Server Setup Information
- Weaviate Server Version:
- Deployment Method: docker
- Multi Node? Number of Running Nodes: 1
- Client Language and Version: Python 4.5.3
Any additional Information
Maybe there are zero vectors stored, and the index is solely based on BM25 information. How do I find out?
This is how I created the collection:
...
client.connect()
try:
collection1 = client.collections.create(
name="collection1",
properties=[
wvcc.Property(name="URL", data_type=wvcc.DataType.TEXT, skip_vectorization=True),
wvcc.Property(name="CONTENT", data_type=wvcc.DataType.TEXT, skip_vectorization=False),
],
vector_index_config=wvc.config.Configure.VectorIndex.hnsw(),
vectorizer_config=wvc.config.Configure.Vectorizer.text2vec_transformers(
passage_inference_url="http://t2v-transformers-passage:8080",
query_inference_url='http://t2v-transformers-query:8080'
),
reranker_config=wvc.config.Configure.Reranker.transformers(),
)
with collection1.batch.dynamic() as batch:
for data_row in doc_objs:
batch.add_object(
properties=data_row,
)
finally:
client.close()
Using this hack I was able to see that there are fewer than 1000 docs in the collection. However, I was expecting to see on the order of 1 million.
client.connect()
try:
collection = client.collections.get("collection1")
count = 0
for item in collection.iterator():
count += 1
if count > 100000:
break
finally:
client.close()
print(count)
Originally when I populated the vector db, I used this code, which took a few hours, in line with the timing expectation based on what I’ve observed with other vector dbs on the same dataset.
try:
collection = client.collections.create(
name="collection1",
properties=[
wvcc.Property(name="URL", data_type=wvcc.DataType.TEXT, skip_vectorization=True),
wvcc.Property(name="CONTENT", data_type=wvcc.DataType.TEXT, skip_vectorization=False),
],
vector_index_config=wvc.config.Configure.VectorIndex.hnsw(),
vectorizer_config=wvc.config.Configure.Vectorizer.text2vec_transformers(
passage_inference_url="http://t2v-transformers-passage:8080",
query_inference_url='http://t2v-transformers-query:8080'
),
reranker_config=wvc.config.Configure.Reranker.transformers(),
)
with collection.batch.dynamic() as batch:
for data_row in doc_objs:
batch.add_object(
properties=data_row,
)
finally:
client.close()
Hi!
Maybe the majority of those objects were not added and you didn’t catch those errors?

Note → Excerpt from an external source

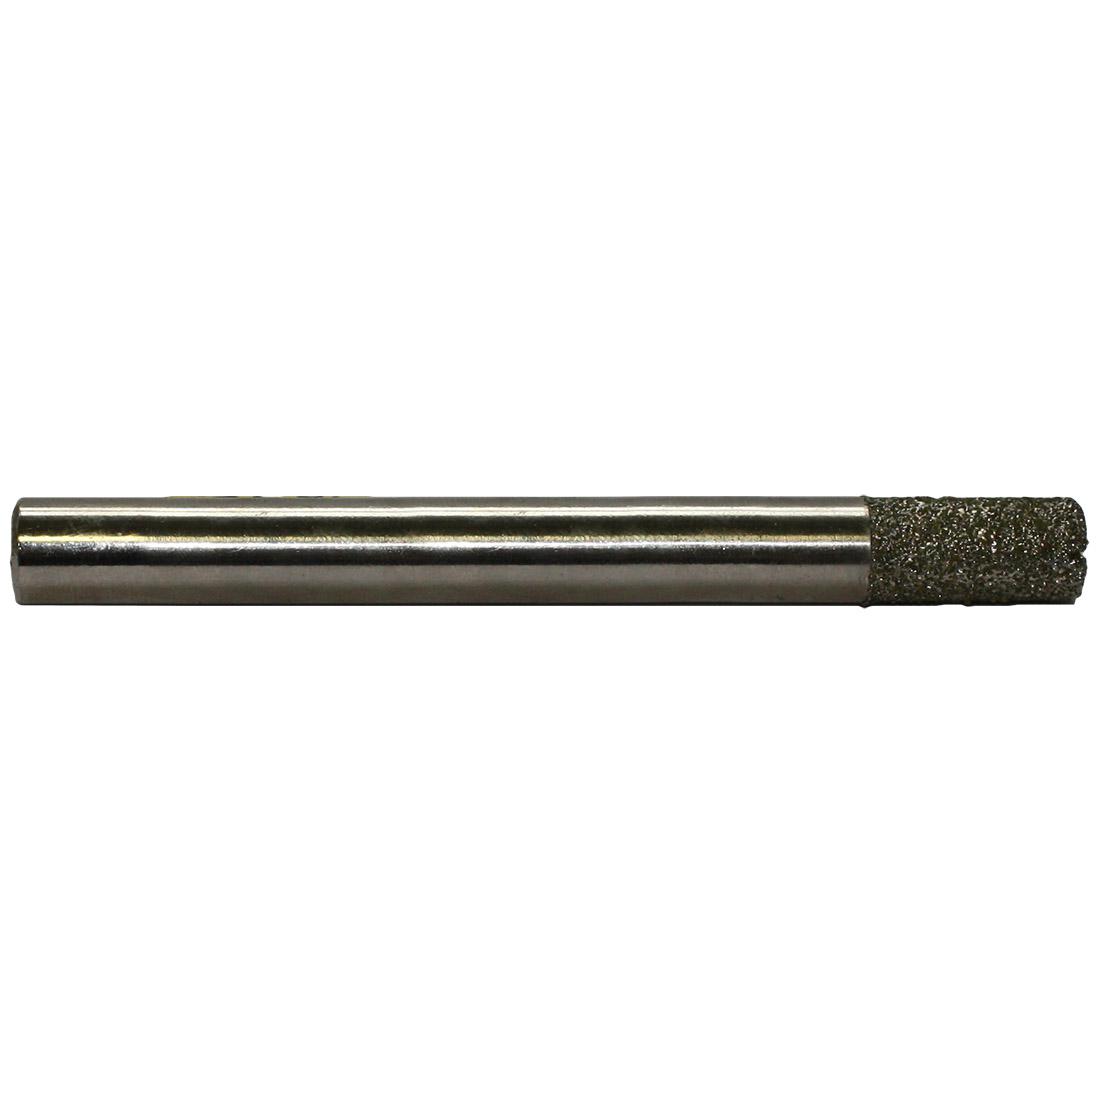 Фреза пальчиковая цилиндрическая для мрамора Ø 10 мм

It is a good practice to do error handling. Here is how:
Let me know if this helps.
Thanks!
I added some of the error code
with collection.batch.dynamic() as batch:
for data_row in doc_objs:
if batch.number_errors > 100:
print(f"WARNING: ERROR COUNT = {batch.number_errors}")
batch.add_object(
properties=data_row,
)
failed_objs_a = collection.batch.failed_objects
failed_refs_a = collection.batch.failed_references
I tried to insert 10000 records. Only 1000 records were inserted, and at the end of insertion, batch.number_errors is 9000.

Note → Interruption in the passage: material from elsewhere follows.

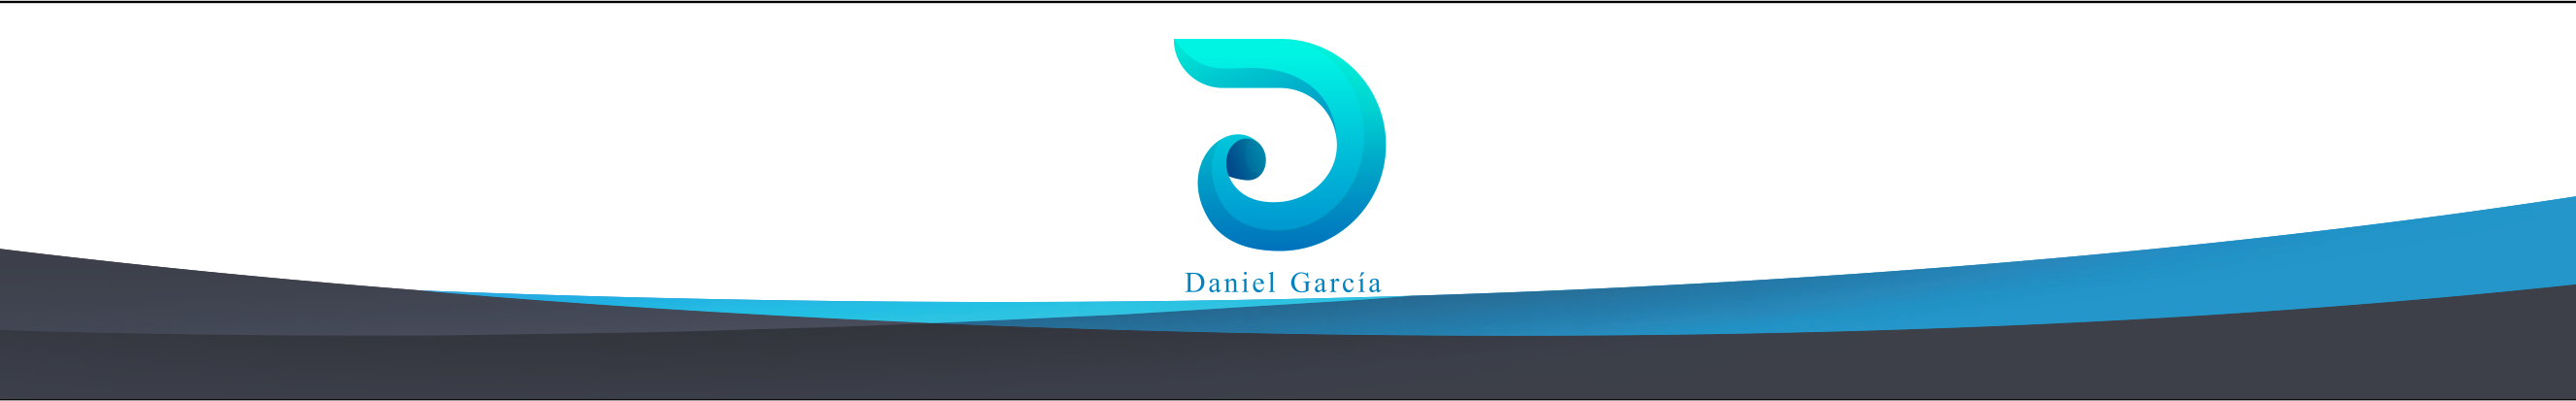 Banner de perfil de Daniel garcia

The print statement for “WARNING: ERROR COUNT” does not execute.
The first error object is:
print(failed_objs_a[0])
ErrorObject(message="WeaviateBatchError('Query call with protocol GRPC batch failed with message Deadline Exceeded.')", object_=_BatchObject(collection= ...
Based on some advice someone had with a similar error, I added this to the connect_with_custom() arguments:
additional_config=weaviate.config.AdditionalConfig(timeout=(300, 300) # (connect timeout, read timeout)
However, it still fails with errors for 9000 of the docs.
Is there a batch size limit of 1000? Should I chunk my collection into smaller chunks, say 500 passages per batch, and do multiple batches? I assumed that the collection.batch.dynamic() stuff would automatically create batches and insert them. Instead, it can spend 2 hours calculating embeddings and fail for 99.9%…
It appears to be successful with fixed_size batching
with collection.batch.fixed_size(batch_size=100) as batch:
This has number_errors=0 and len(failed_objects)=0.
Hi @moruga123 !
Interesting. This error message means that you the client tried to pass too many objects in one request alone. However, the dynamic batch size should take care of that limit.
I will loop in our dev team, maybe they can helps us here.